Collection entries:
*** Block opens ***

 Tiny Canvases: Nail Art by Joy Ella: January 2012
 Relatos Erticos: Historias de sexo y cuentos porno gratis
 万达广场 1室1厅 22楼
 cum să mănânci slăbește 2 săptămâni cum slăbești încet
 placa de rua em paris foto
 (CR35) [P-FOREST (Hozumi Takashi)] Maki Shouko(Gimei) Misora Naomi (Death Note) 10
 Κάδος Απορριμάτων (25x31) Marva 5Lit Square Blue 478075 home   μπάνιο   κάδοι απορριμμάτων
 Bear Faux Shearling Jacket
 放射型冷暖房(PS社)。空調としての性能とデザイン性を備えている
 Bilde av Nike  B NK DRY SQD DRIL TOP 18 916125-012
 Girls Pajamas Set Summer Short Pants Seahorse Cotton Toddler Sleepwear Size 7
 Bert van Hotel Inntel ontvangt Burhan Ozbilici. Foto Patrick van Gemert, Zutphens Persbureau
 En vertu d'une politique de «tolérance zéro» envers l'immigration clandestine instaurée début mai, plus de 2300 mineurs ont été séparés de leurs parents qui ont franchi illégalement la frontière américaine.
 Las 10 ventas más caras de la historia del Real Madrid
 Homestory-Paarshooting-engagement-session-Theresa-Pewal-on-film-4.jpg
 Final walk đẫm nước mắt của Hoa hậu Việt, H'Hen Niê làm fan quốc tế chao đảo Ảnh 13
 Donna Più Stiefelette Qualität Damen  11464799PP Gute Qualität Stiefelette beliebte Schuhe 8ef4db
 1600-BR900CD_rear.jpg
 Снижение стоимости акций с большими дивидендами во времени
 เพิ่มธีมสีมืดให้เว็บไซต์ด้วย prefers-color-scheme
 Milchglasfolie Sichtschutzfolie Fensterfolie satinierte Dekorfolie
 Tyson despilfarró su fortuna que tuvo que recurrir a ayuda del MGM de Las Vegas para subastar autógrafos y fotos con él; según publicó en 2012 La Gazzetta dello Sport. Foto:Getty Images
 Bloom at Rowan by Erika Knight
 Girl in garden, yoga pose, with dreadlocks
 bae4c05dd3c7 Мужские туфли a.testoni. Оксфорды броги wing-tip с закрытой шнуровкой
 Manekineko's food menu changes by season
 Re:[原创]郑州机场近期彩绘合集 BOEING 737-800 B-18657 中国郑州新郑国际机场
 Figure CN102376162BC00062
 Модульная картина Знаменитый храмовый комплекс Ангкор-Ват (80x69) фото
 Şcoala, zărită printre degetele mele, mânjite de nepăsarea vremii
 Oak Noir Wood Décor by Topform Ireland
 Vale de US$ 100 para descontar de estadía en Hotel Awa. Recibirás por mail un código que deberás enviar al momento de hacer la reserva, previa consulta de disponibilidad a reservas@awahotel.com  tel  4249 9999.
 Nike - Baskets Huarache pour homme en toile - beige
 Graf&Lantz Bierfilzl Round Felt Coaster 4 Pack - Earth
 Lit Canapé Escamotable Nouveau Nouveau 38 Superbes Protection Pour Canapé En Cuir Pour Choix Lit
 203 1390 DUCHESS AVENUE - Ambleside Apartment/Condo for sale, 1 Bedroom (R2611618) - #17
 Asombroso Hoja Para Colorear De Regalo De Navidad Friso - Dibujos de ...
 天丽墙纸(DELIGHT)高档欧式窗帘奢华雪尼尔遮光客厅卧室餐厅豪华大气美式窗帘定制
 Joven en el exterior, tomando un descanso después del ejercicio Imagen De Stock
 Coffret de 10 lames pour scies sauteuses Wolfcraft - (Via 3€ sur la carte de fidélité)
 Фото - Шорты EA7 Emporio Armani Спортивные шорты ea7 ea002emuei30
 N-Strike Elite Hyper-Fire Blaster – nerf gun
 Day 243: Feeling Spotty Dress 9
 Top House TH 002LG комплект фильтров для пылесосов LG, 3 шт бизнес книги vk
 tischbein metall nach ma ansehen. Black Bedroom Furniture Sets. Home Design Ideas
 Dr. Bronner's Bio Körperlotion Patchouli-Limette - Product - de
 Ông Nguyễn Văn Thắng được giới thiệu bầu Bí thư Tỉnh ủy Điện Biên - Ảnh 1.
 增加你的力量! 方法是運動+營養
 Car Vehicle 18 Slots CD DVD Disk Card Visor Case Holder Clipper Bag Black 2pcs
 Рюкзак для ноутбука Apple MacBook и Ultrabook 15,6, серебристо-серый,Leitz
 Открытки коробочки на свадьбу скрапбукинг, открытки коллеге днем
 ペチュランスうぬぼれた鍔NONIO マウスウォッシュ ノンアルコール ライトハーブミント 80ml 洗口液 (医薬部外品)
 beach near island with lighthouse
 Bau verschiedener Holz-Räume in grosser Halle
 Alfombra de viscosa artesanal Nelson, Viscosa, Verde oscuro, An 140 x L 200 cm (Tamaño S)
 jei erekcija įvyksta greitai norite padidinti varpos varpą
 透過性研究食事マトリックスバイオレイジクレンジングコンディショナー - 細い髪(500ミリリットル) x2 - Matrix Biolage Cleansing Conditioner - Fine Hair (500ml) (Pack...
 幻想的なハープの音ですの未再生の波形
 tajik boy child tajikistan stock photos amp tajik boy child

*** Block closes ***

Of the lines above, extract only those from the line with "Bear Faux Shearling Jacket" to the line with "Bert van Hotel", both included, exactly as written.

 Bear Faux Shearling Jacket
 放射型冷暖房(PS社)。空調としての性能とデザイン性を備えている
 Bilde av Nike  B NK DRY SQD DRIL TOP 18 916125-012
 Girls Pajamas Set Summer Short Pants Seahorse Cotton Toddler Sleepwear Size 7
 Bert van Hotel Inntel ontvangt Burhan Ozbilici. Foto Patrick van Gemert, Zutphens Persbureau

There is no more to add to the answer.